Within hours the movement had unexpectedly exploded into a worldwide phenomenon, quickly amassing up to 500 tweets per hour and thousands of PDFs shared with the world in equal parts eulogy and protest.

Opening up the PDFs

The Internet-born #pdftribute meme was global in reach, spreading from Twitter through strong networks of research groups and academic institutes. Within a few weeks the hashtag had been used by researchers from a wide variety of academic disciplines spanning all corners of the globe, with every tweet sharing a few words of support and a link to an online copy of that researcher’s published work.

One programmer quickly created a website pdftribute.net to collect links to all of these shared documents. Since academic PDFs are part of what I work with all day, I was curious to take a deeper look inside.

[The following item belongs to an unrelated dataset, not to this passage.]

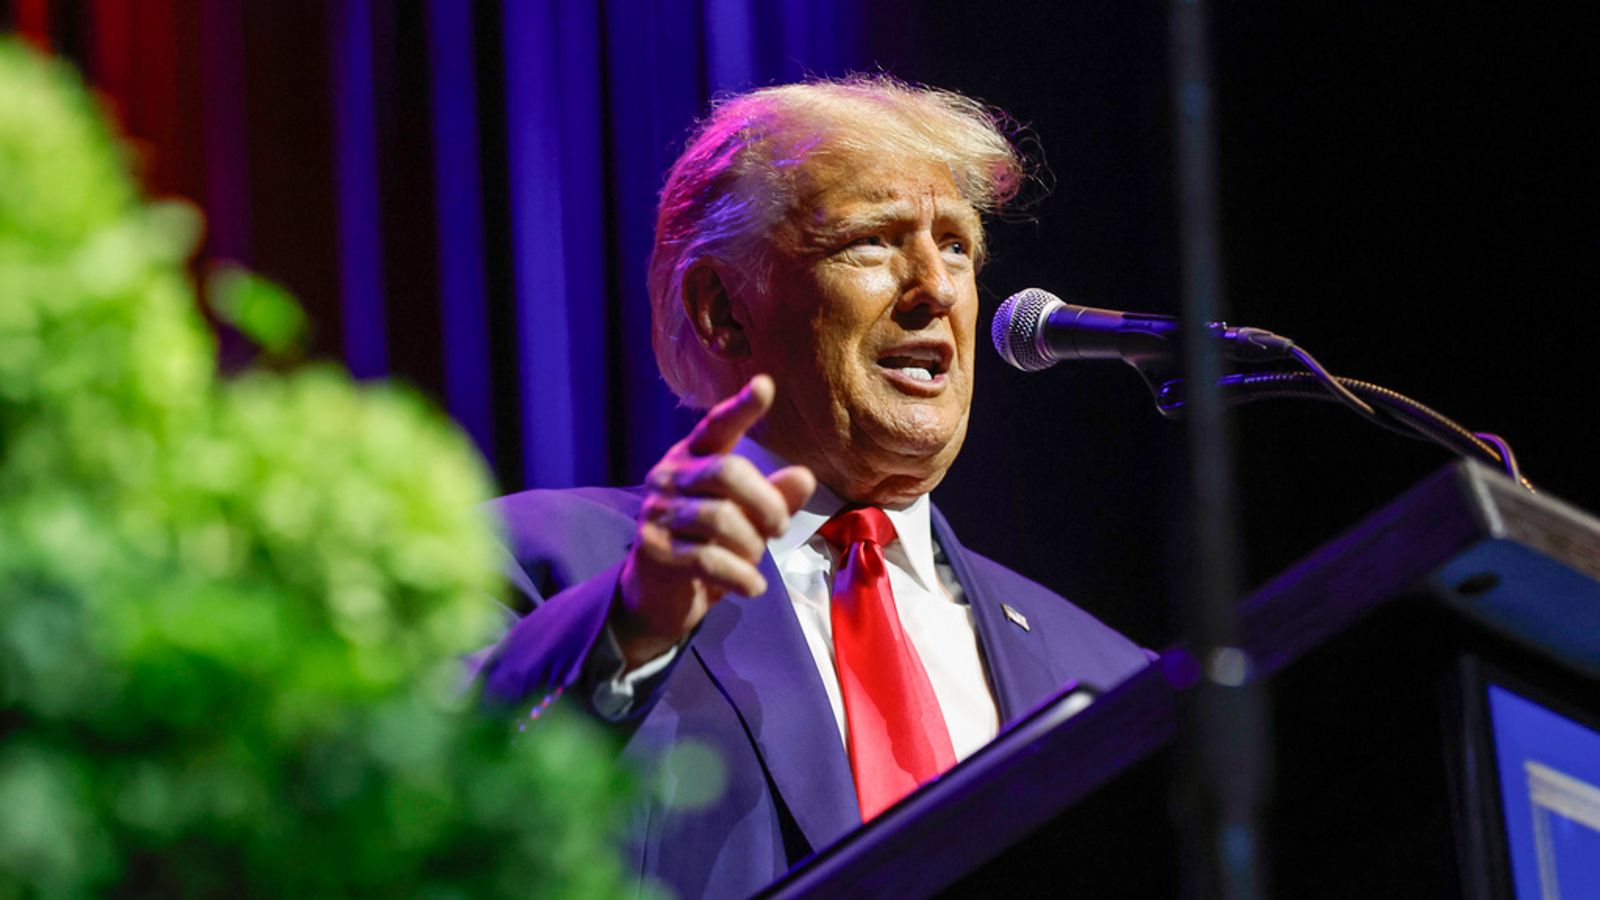 Donald Trump defends 'harmful' social media post as 'political speech'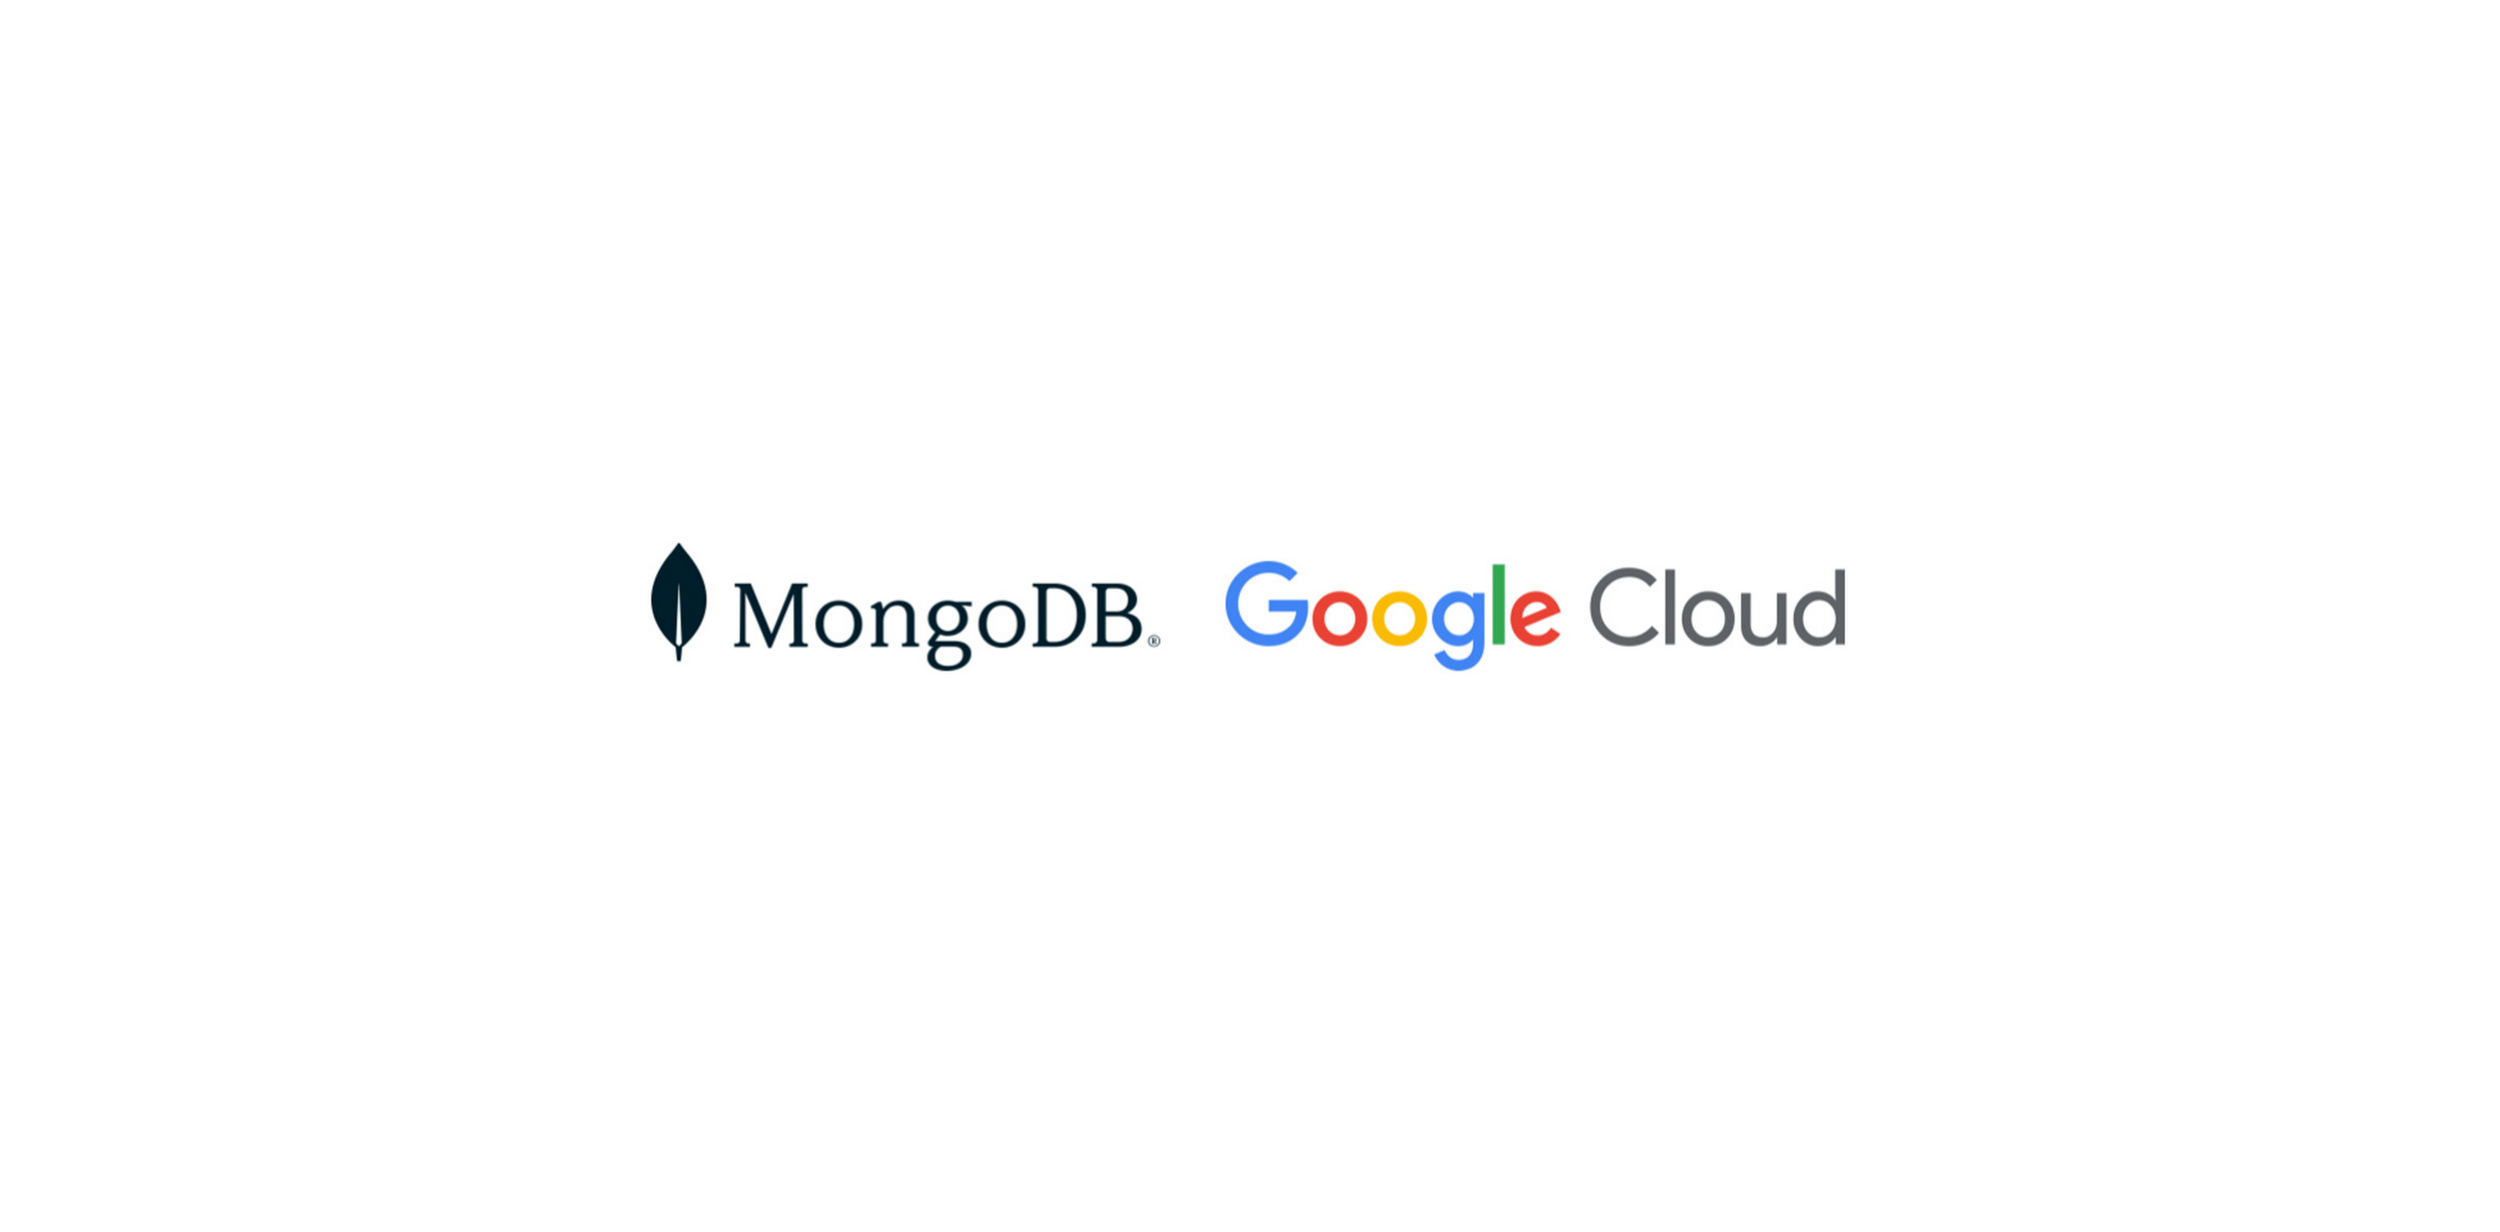 https://storage.googleapis.com/gweb-cloudblog-publish/images/mongoDB.max-2500x2500.jpg

So off I went with 2,400 PDFs in hand, seeking to learn what the documents themselves might have to say about the #pdftribute phenomenon and the researchers who memorialized Aaron Swartz in this unique way. The goal? To understand who took part in #pdftribute and what they shared, purely through the lens of their PDFs.

Beating Babel

Although some scientists may take for granted the English-centric nature of their field, research is a global and multilingual pursuit. A sizable fraction of journal articles are published in non-English languages (though the prevalence of non-English journals is decreasing) and it was immediately apparent that many #pdftribute PDFs were written in different languages.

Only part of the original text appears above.